Aggressive Care Works for Lung Cancer SurvivorYou can’t tell by looking at him, but 74-year-old Patrick Diener has only one lung. The former marathon runner and retired teacher had his right lung removed seven years ago as part of his aggressive treatment for lung cancer.
A non-smoker (he quit more than 50 years ago), Patrick noticed one day how thin he was, and asked his doctor for a chest X-ray.
“I trained for a lot of marathons and I never got that thin,” he said. The X-ray showed a tumor “the size of an Irish potato,” Patrick recalled. That quickly led to further tests and a referral to Froedtert & The Medical College of Wisconsin. The Milwaukee resident was diagnosed with advanced lung cancer in 2005. In addition to the tumor, the cancer had spread to the lymph nodes in the center of his chest, but not beyond.
Patrick underwent carefully coordinated treatment including chemotherapy, radiation and surgery. His multidisciplinary team included Elizabeth Gore, MD, Medical College of Wisconsin radiation oncologist; Paul Ritch, MD, Medical College of Wisconsin medical oncologist; and Mario Gasparri, MD, Medical College of Wisconsin thoracic surgeon.
Before treatment, Patrick’s prognosis looked challenging, Dr. Ritch said, and the tumor was too big to remove surgically: “We discussed his case at our multidisciplinary tumor board, and decided to be very aggressive to achieve the goal of getting him to surgery.”
Patrick first received two cycles of chemotherapy alone over about seven weeks, followed by seven weeks of concurrent chemotherapy and radiation treatments. The plan was twofold: first, to kill any cancer cells present in the lymph nodes or elsewhere in his body, and second, to shrink the tumor to make it easier to remove surgically.
“He had the resilience to go through aggressive therapy, and he responded dramatically well,” Dr. Ritch explained. The tumor shrank enough to make surgery possible, and Patrick’s lymph nodes were clear of cancer, which was an important achievement.
“The hope is always to remove only a portion of the lung,” Dr. Gasparri said. “We want to preserve as much lung as possible. At the same time, we have to take out as much lung as is needed to eradicate the tumor.” Although the tumor was smaller after treatment, it was still large enough to warrant removing the entire lung.
Before deciding to remove a patient’s lung, Dr. Gasparri explained, the team runs extensive tests to ensure the patient can tolerate it. “We want to make sure the patient can still be active, maybe a step slower, but still be able to participate,” he said. “We select these patients very carefully.”

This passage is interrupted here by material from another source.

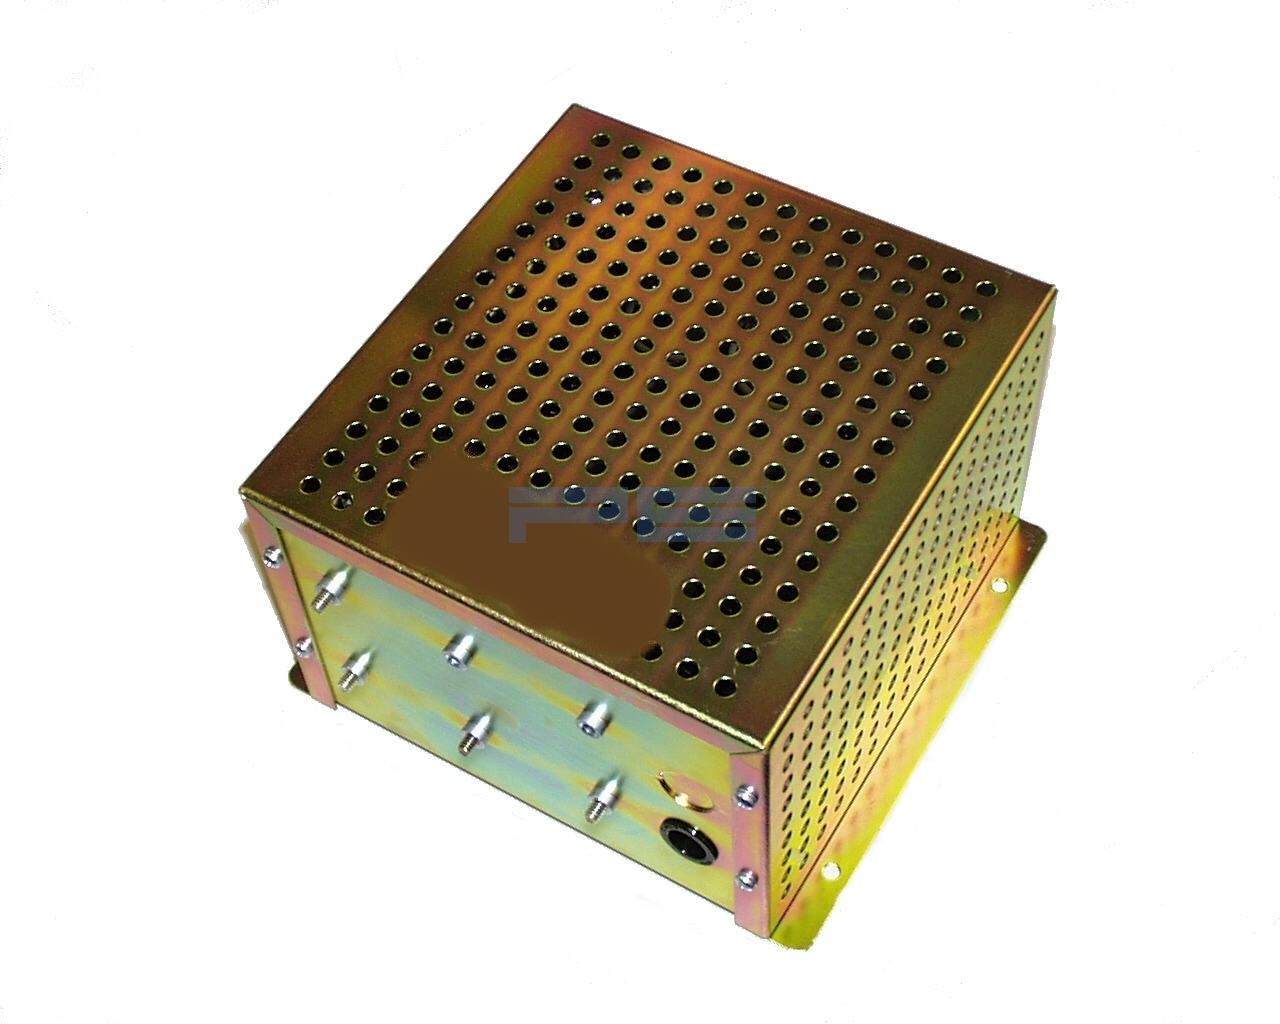 Regeneration Resistor

Patrick’s care was thoroughly coordinated from the beginning.
“Before radiation began, we understood Patrick might have his right lung removed,” Dr. Gore said. “Therefore, we knew it was vitally important that we minimize delivery of radiation to the left lung. The multidisciplinary approach for him was critical, and it was important for all of us to be part of management decisions for his care prior to starting therapy. We all have an academic and clinical focus in lung cancer,” she added. “This is vital for providing the highest level of carefully coordinated care for our patients.”
Not every patient would have tolerated treatment like Patrick’s. “There is a fair amount of controversy over how to treat patients with advanced lung cancer,” Dr. Gasparri said. “We tend to be very aggressive with these patients. Some other centers might have been reluctant to follow this course, but we’ve had very good results.”
For example, Dr. Gasparri explained, the reported mortality rates for an operation like Patrick’s can be as high as 20 percent. “Our numbers are in the 1 percent to 2 percent range. I think it’s because of our coordinated, multidisciplinary approach, and because we carefully select appropriate candidates,” he said.
While Patrick didn’t participate in a clinical trial, Dr. Gore said, clinical trials offer important options for lung cancer patients. “Current trials are evaluating exactly his situation to see if we can improve the response rate prior to surgery with new drugs. It’s important to give our patients those opportunities,” she said.
While he can’t run marathons anymore, Patrick stays active, going to the gym every day, gardening, and photographing Milwaukee’s east side, where he lives. In fact, some of his pictures were recently displayed at St. John’s Cathedral.
He’s grateful for the care he received. “Everyone looked after me, and if I wanted something special, they’d go out of their way to get it. The best care was here,” Patrick said.
“It’s a remarkable outcome for an aggressive disease,” Dr. Gasparri said. “Patrick was fit, and he was also very positive, with a strong support system. His outcome confirms that it’s worth doing everything possible in treating patients facing similar challenges.”